What went wrong for Jasmine despite perfect capture habits?
What makes the weekly review the “glue” of the system?
How does windown work fit between weekly planning sessions?
Review Questions
- How would you categorize a task like “transition your child to a new daycare” and why?
- What specific outcomes should happen during a weekly review to keep the system reliable?

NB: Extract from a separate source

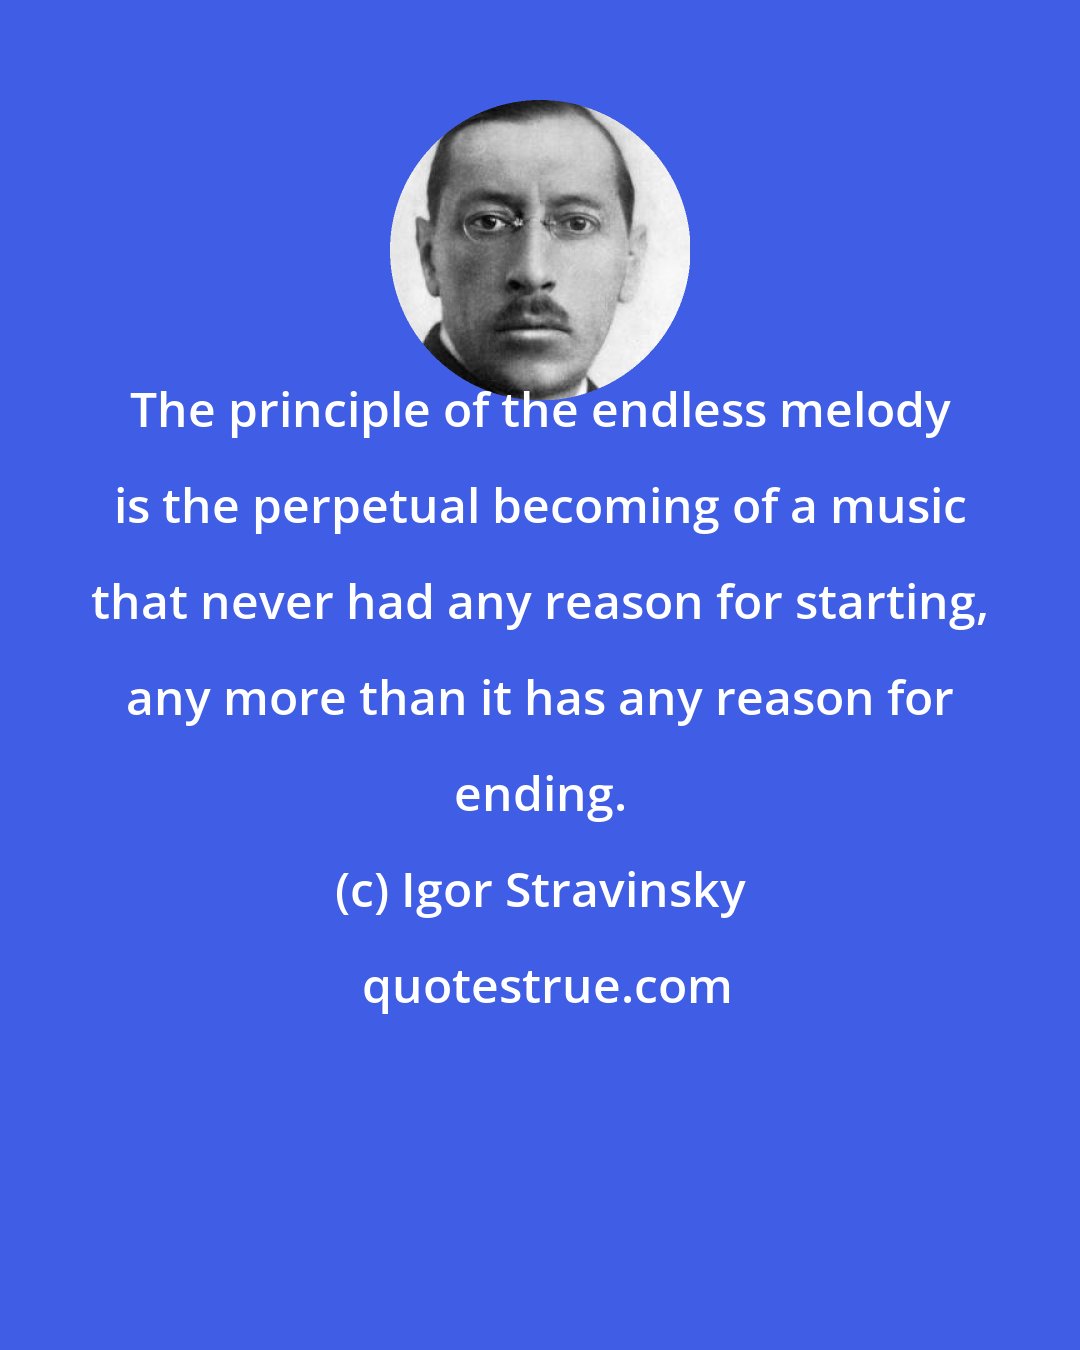 Igor Stravinsky: The principle of the endless melody is the perpetual becoming of a music that never had any reason for starting, any more than it has any reason for ending.

- Why does scheduling matter even when tasks are captured immediately and kept organized?
Key Points
- 1
Capture every new task, idea, or reminder immediately into a single running to-do list to prevent mental overload.
- 2
Sort captured items into one-off tasks, project tasks, and life area tasks so the list stays actionable.
- 3
Use a consistent “second brain” (e.g., Notion, Todoist, or notes) and ensure any low-tech captures get transferred by day’s end.
- 4
Schedule captured tasks with specific days and times; “schedule it or it won’t happen” prevents weeks-long backlog anxiety.
- 5
Run a weekly review to clear inboxes, update projects, and decide next week’s priorities and next actions.
- 6
Plan weekly by moving non-negotiables from a digital calendar into a paper planner, batching to-dos, then time-blocking daily routines using the BBB method.
- 7
Do a 15-minute end-of-day windown work scan to catch urgent items from post-its, notebooks, boards, and fridge notes before they slip.